Parameter Explanation:
- 🔄 `--hard=true`: Enables preset keyword combinations and outputs detailed retrieval results
- 📧 `--sent=false`: Disables email sending functionality, only executing news collection and content integration
## Advanced Configuration 🔧
### Keyword Customization 🔤
You can customize the preset keyword library for each domain by modifying the `agents/keywords.json` file. The system will generate search query combinations based on this.
### Domain Prompt Configuration 🎯
The `domain_prompts` dictionary in `search_agent.py` defines the article filtering criteria for each domain, which can be adjusted according to needs.
## Troubleshooting ❓
API Key Errors:
- Check the configuration in the `.env` file and the status of environment variable loading.
Search Result Quality Issues:
- Run with the `--hard=true` parameter for result verification.
- Review and optimize the keyword configuration in `keywords.json`.
- Adjust the domain filtering parameters in `search_agent.py`.
## Advanced Section: Large Model Fine-tuning and Title Classification Accuracy Improvement 🧬
### Background and Challenges
In practical applications, when NewsAPI retrieves news based on keywords, there often occurs a phenomenon of domain confusion. For example, when searching for news related to "biology," results often include irrelevant content from fields such as AI and economics. This noise greatly affects the accuracy of downstream news aggregation and distribution. Therefore, we focus on **automatic classification and domain identification of news titles** to enhance the overall system's relevance and intelligence.
### Technical Route and Implementation Principle
This section is based on the **DeepSeek-R1-Distill-Qwen-14B** large model, combined with the efficient fine-tuning method of LORA parameters, to build a high-precision news title classifier. The overall process is as follows:
### Experimental Platform
The hardware environment of the experimental platform for this project is as follows:
- The server is equipped with 8 NVIDIA A800 80G GPUs, with CPU and memory information as follows:

- This experiment only used 2 A800 GPUs for distributed fine-tuning:

1. **Data Collection and Preprocessing**
- Use `utils/news_fetch.py` to automatically scrape news titles from multiple domains and store them in the `dataset/` directory.

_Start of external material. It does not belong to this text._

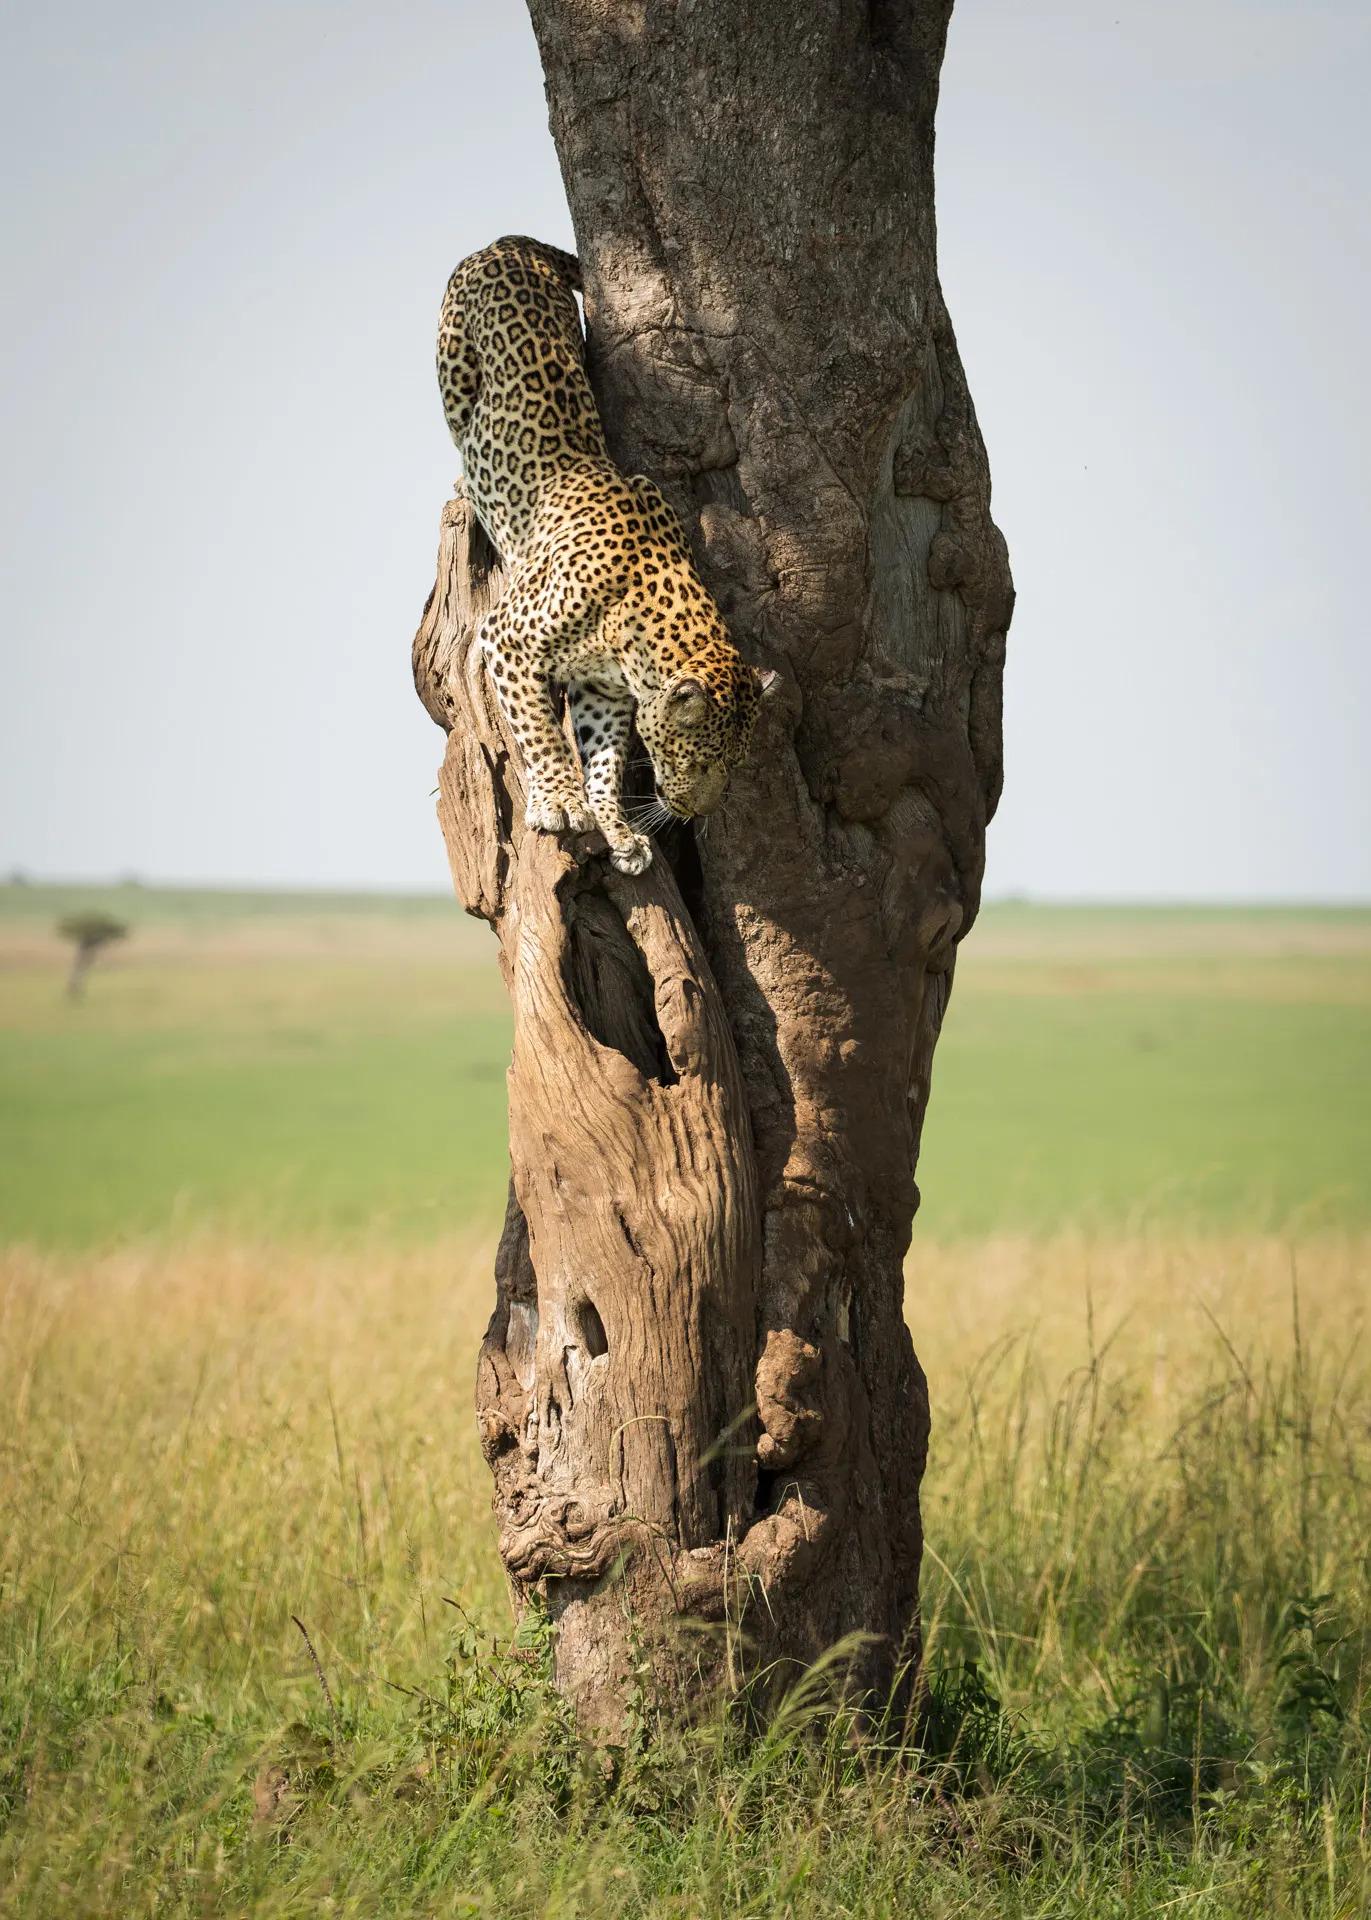 Leopard descending tree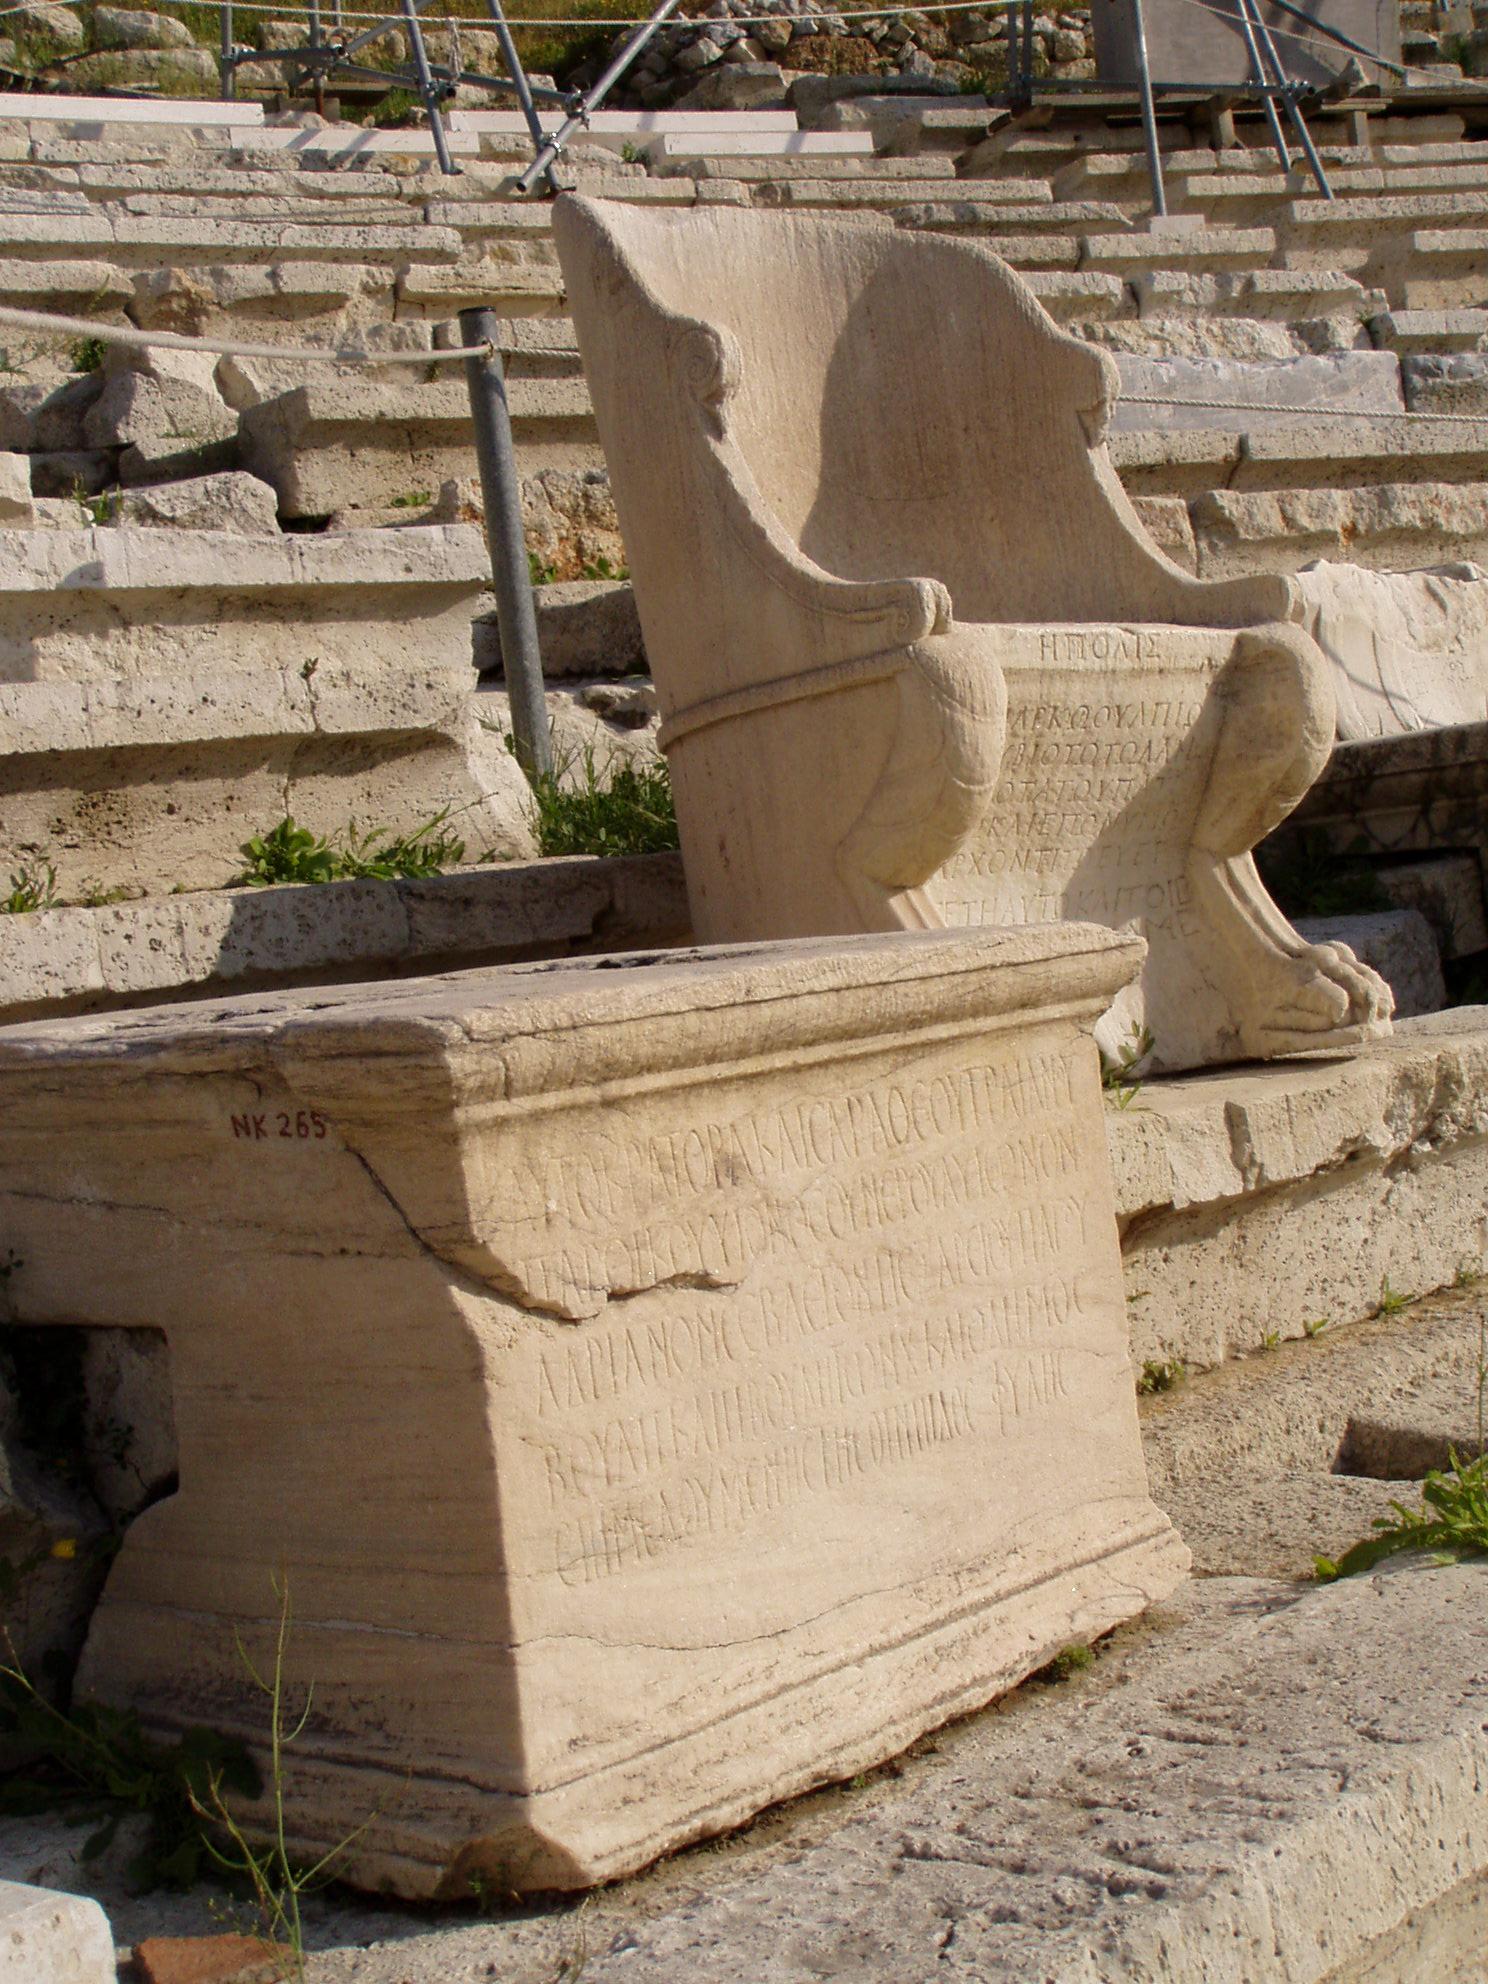 http://upload.wikimedia.org/wikipedia/commons/b/b2/Ehrentribuene_Dionysostheater_Athen.jpg

- Through `utils/news_title_classifier.py`, call the self-built GPT-4o-mini gateway to label the collected titles with domain tags, forming a high-quality labeled dataset.
- Use `utils/prepare_fine_tuning_data.py` to convert the labeled data into a format suitable for fine-tuning the large model (e.g., jsonl) for subsequent training.
2. **Large Model Fine-tuning**
- Single GPU fine-tuning: Use `finetune_deepseek.py` to efficiently fine-tune DeepSeek-R1-Distill-Qwen-14B based on the LORA method.
- Multi-GPU distributed fine-tuning: Use `finetune_deepseek_gpus.py` to support distributed training in a multi-GPU environment, accelerating large-scale data processing.
- The fine-tuning data comes from the high-quality labeled set in the `dataset/` directory.
3. **API Service and Testing**
- `api_server.py`: Provides a local API service for the original DeepSeek-R1-Distill-Qwen-14B model, facilitating inference and comparative testing.
- `api_server_ft.py`: Deploys the fine-tuned model API service, supporting external calls and evaluations.
- `curl.py`: Contains a series of API testing scripts to verify the availability and response accuracy of the gateway service.
4. **Effect Evaluation and Comparison**
- `extract_inference_dataset.py`: Extracts titles and standard answers from the labeled dataset to construct the evaluation set.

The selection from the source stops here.